The small passenger terminal, apron and general aviation parking are located on the northeastern side of the airport with direct access to the Eyre Highway. Both Avgas and Jet A fuel are available in the precinct. The Bureau of Meteorology maintains an office and weather radar facility on airport land, south of the main runway.

==Airlines and destinations==

| Airlines | Destinations |
|---|---|
| Rex Airlines | Adelaide |
| Pel-Air | Charter: Jacinth-Ambrosia Mine |

==Accidents and incidents==
- On 17 January 1942, a Lockheed Hudson operated by No. 14 Squadron Royal Australian Air Force crashed shortly after takeoff. The aircraft was one of four en route to RAAF Base Pearce that had landed to refuel in Ceduna. All six crew on board were killed in the accident. A subsequent board of inquiry did not publicly comment on the cause of the crash. A small memorial beside the Eyre Highway next to the airport was built in 2006, listing the names of those who died.

- On 14 January 1962 James Knight took off from Ceduna Airport in CAC Wackett VH-BEC to fly to Cook, approximately 200 nautical miles WNW on the Trans-Australian railway line.
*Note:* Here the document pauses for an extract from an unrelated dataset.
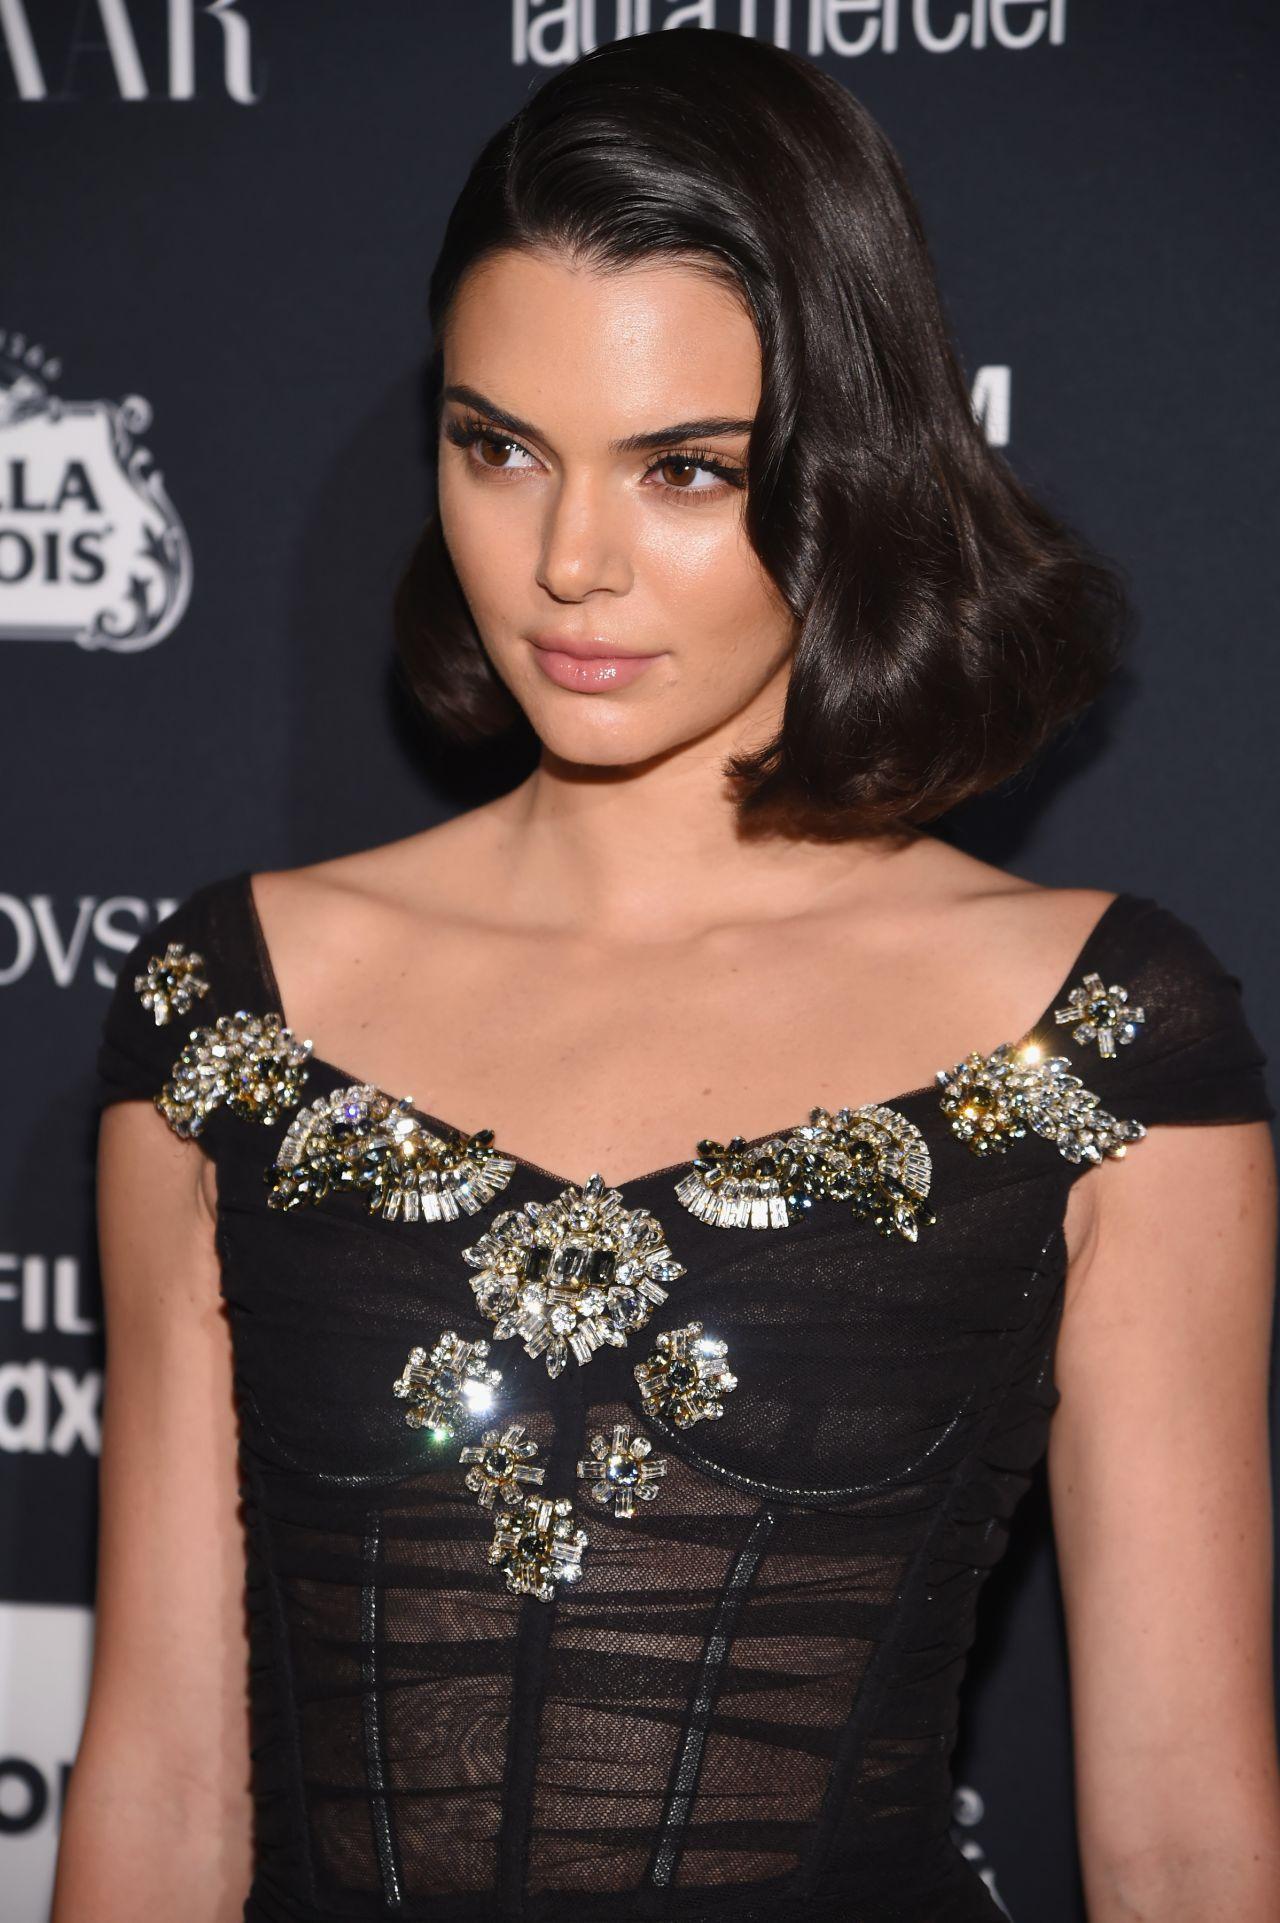 Güzel ve başarılı model Kendall Jenner sexy siyah elbisesi ile herkesi büyüledi. HD foto galeriyi görüntülemek için buraya tıklayın.

The aircraft never arrived in Cook and Knight was never seen again despite a comprehensive air, land and sea search conducted over 19 days. For 3 years the whereabouts of VH-BEC was unknown. On 28 March 1965 the crew of an aerial survey aircraft sighted a small aircraft between sand dunes in the desert approximately 200 nautical miles north of Cook. It proved to be VH-BEC. An expedition from Emu Field reached the aircraft on 6 April but Knight’s body has never been found. It was discovered that the magnetic compass in the front cockpit of the aircraft had become loose in its mounting and was misaligned by about 30 degrees. VH-BEC was retrieved from the desert in 1973 and is now on display in Alice Springs at the Central Australian Aviation Museum.